#150 "solo con la idea de machacar el musculo totalmente," "La idea es aniquiliar totalmente ese grupo hasta que no se pueda hacer una sola rep mas."
Pues ya me dirás tú.
#150 "solo con la idea de machacar el musculo totalmente," "La idea es aniquiliar totalmente ese grupo hasta que no se pueda hacer una sola rep mas."
Pues ya me dirás tú.
#151 Aniquilarlo al final del entrenamiento, pero las series se pueden hacer sin llegar al fallo, si ves que no puedes 1 rep mas descansas y haces otra serie
#152 Entonces es otra cosa de la que has puesto originalmente xD Aún así, entrenar hasta el agotamiento extremo no es más mejor.
#148 no me gustan las rutinas de autoregulación, al final acaban sin ser eficientes,
mejor una progresión marcada que veas si vas bien o no, al menos en press banca/pm/sentadilla y uno de tiron (remo/dominada) + empuje vertical
el resto ya como te de la gana, lo de aniquilar el músculo con accesorios puede funcionar, pero al menos llevaria progresión en los básicos
#154 Para lo que él propone no hace falta tener progresión en nada. Plantear una etapa de hipertrofia máxima y querer hacer una progresión en básicos es un error. Cada cosa, a su tiempo.
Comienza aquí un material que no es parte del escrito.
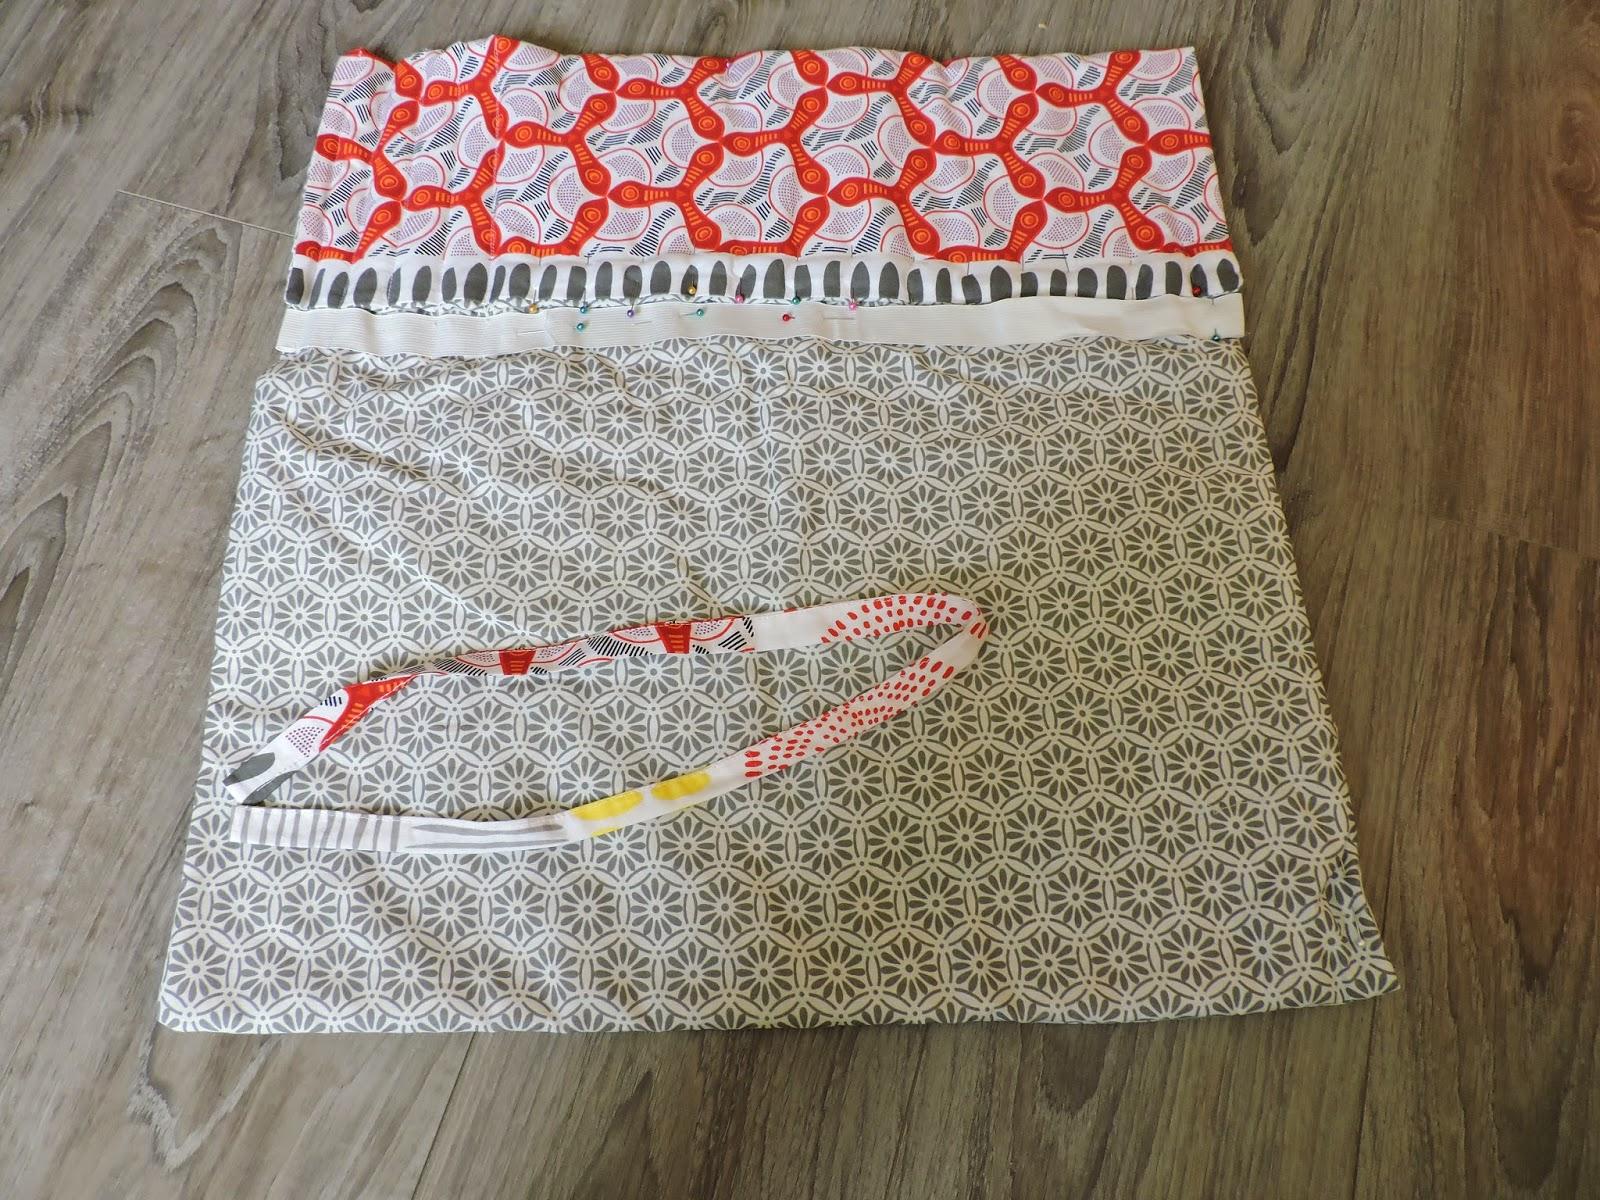 F e main couture range aiguilles tricoter for Aiguille a couture

#155 no sé, no me parece eficiente tirarte 5-6 semanas a 12 repes sin progresar, mejor periodizar
aunque igual para volumen 1 vez al año o dos si que renta
Si pongamos que quieres hacer 120-150 reps totales por cada uno de los 5 grupos musculares lo lógico si quieres hacer algo así sería que metieras las 150 reps el mismo día. ¿Eficaz? Sí, y divertido. ¿Eficiente? No, desde mi punto de vista no, desde luego.
De hecho soy un poco de la opinión de Alberto Nuñez, si quieres añadir volumen extra añades un día más, por encima de todo para mí está la calidad del trabajo, si me casco 150 reps en un día, las primeras 50-75 quizás son de calidad, pero las demás seguramente no.
PD: Tampoco creo que haya una gran diferencia entre meter todo el volumen en un día o separarlo en 2-3, el cuerpo se adapta a todo, el volumen semanal es lo importante, al igual que la dieta.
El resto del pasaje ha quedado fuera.